Every line from the one with "#meenakshiseshadri #BollywoodFlashback #80s" through the last line below should be repeated exactly; pictures stay out of the copy.

▸ INFORMATION SUPPLIED
■ ■ ■ ■ ■ ■ ■

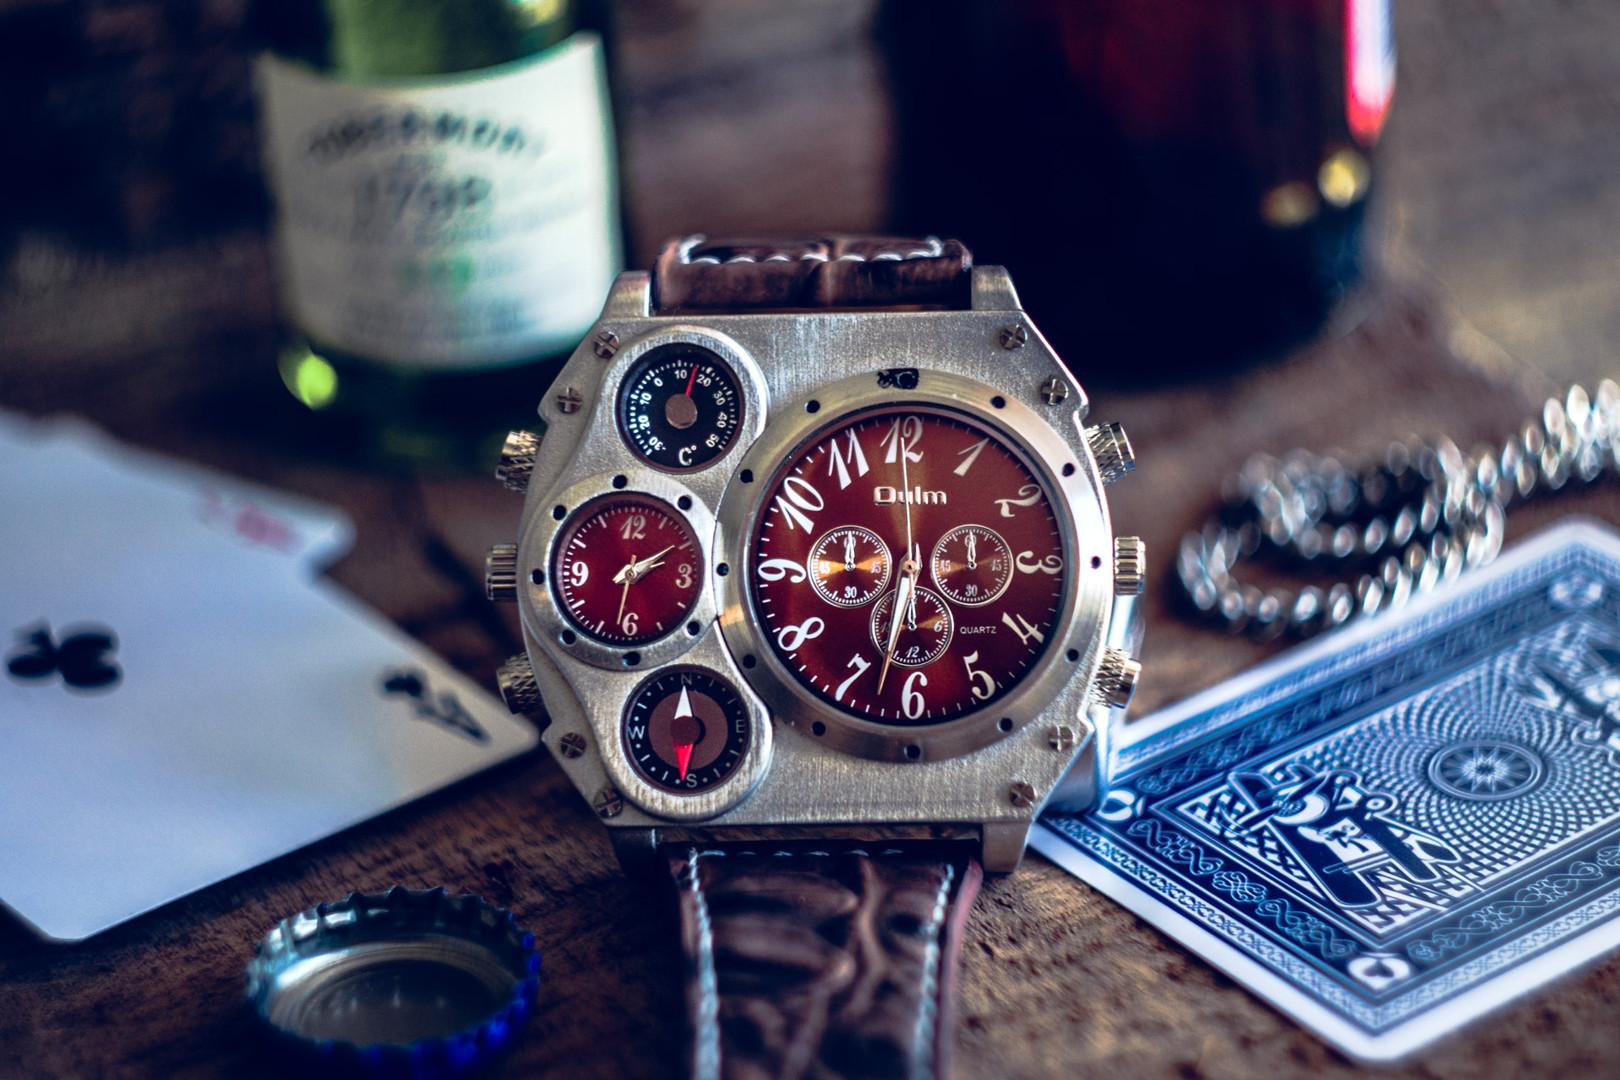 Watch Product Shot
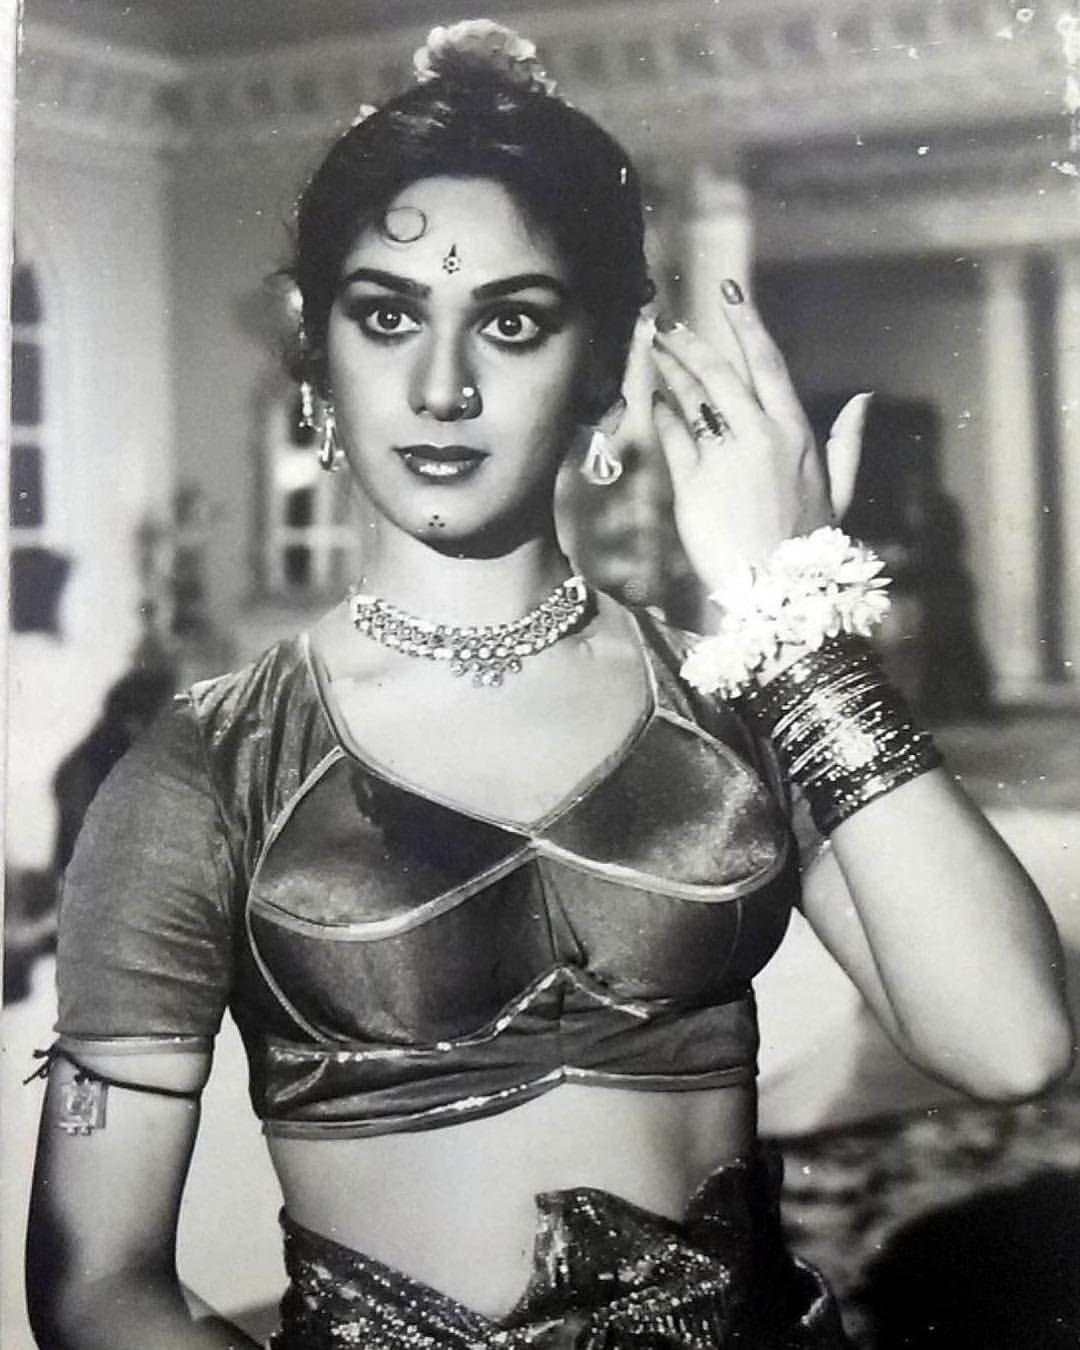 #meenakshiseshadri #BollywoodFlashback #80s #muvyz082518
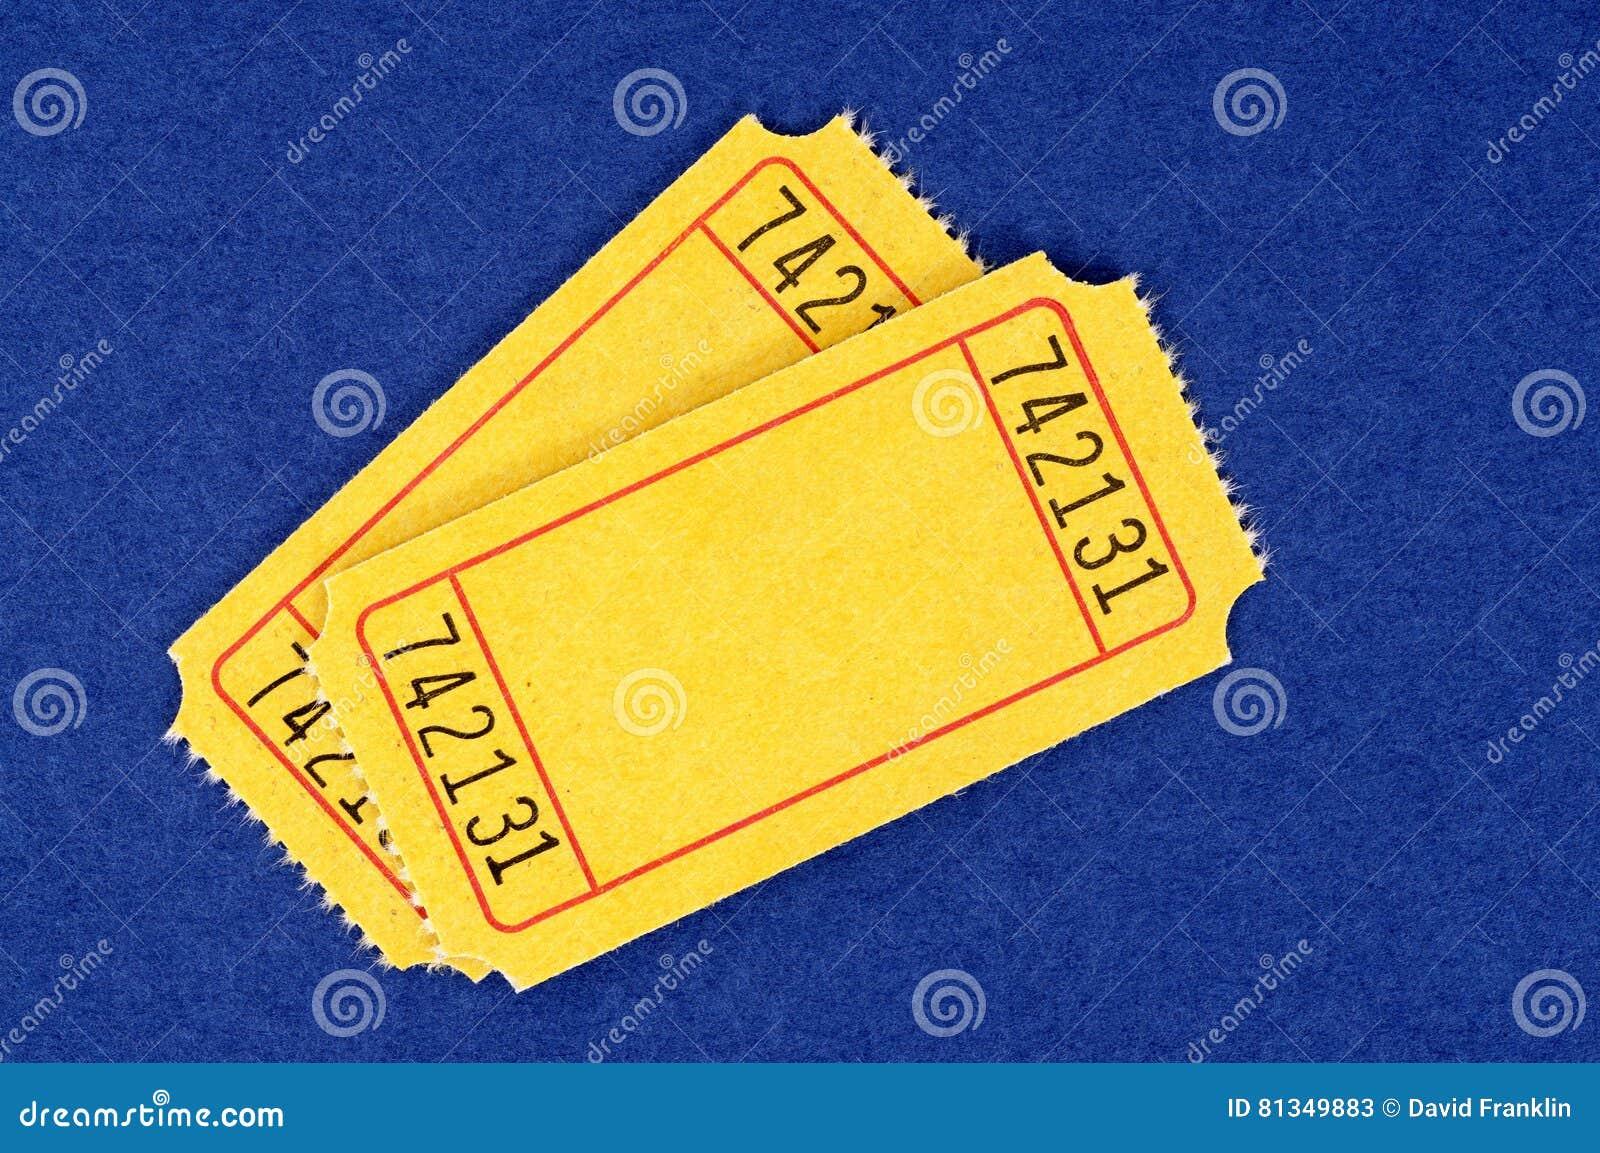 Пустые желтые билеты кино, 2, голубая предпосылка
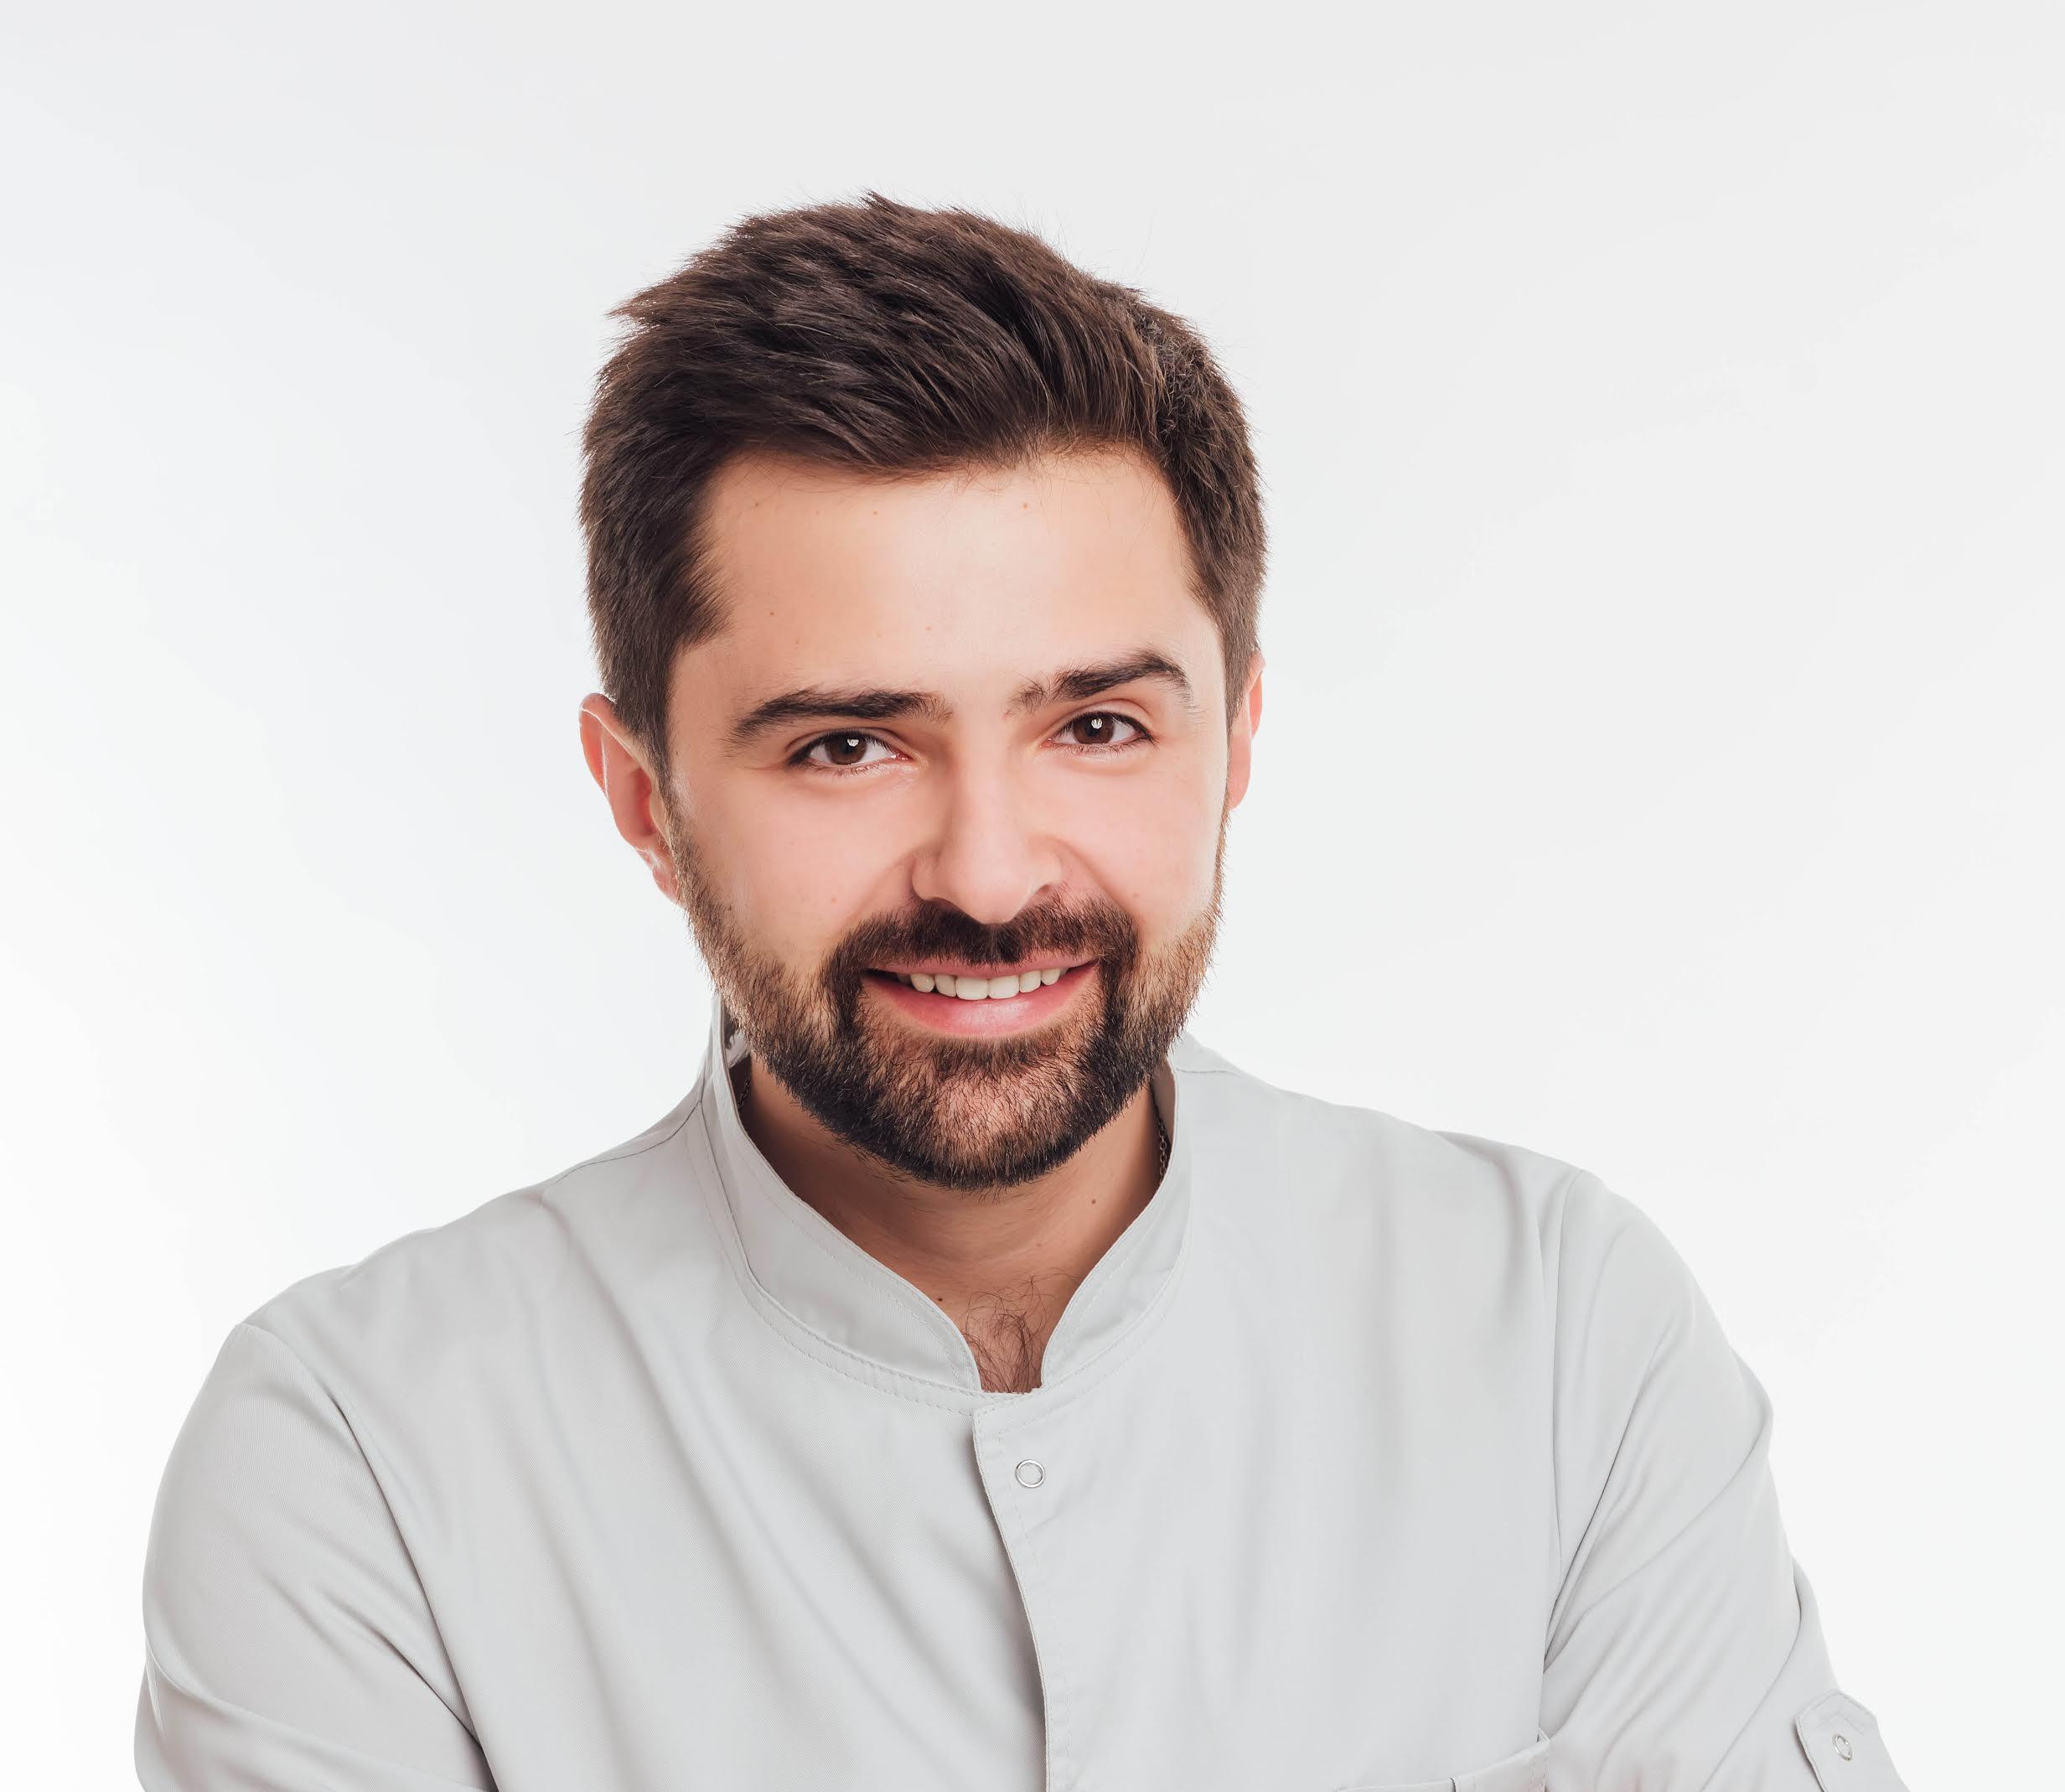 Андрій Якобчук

■ ■ ■ ■ ■ ■ ■

▸ ANSWER BOX
 #meenakshiseshadri #BollywoodFlashback #80s #muvyz082518
 Пустые желтые билеты кино, 2, голубая предпосылка
 Андрій Якобчук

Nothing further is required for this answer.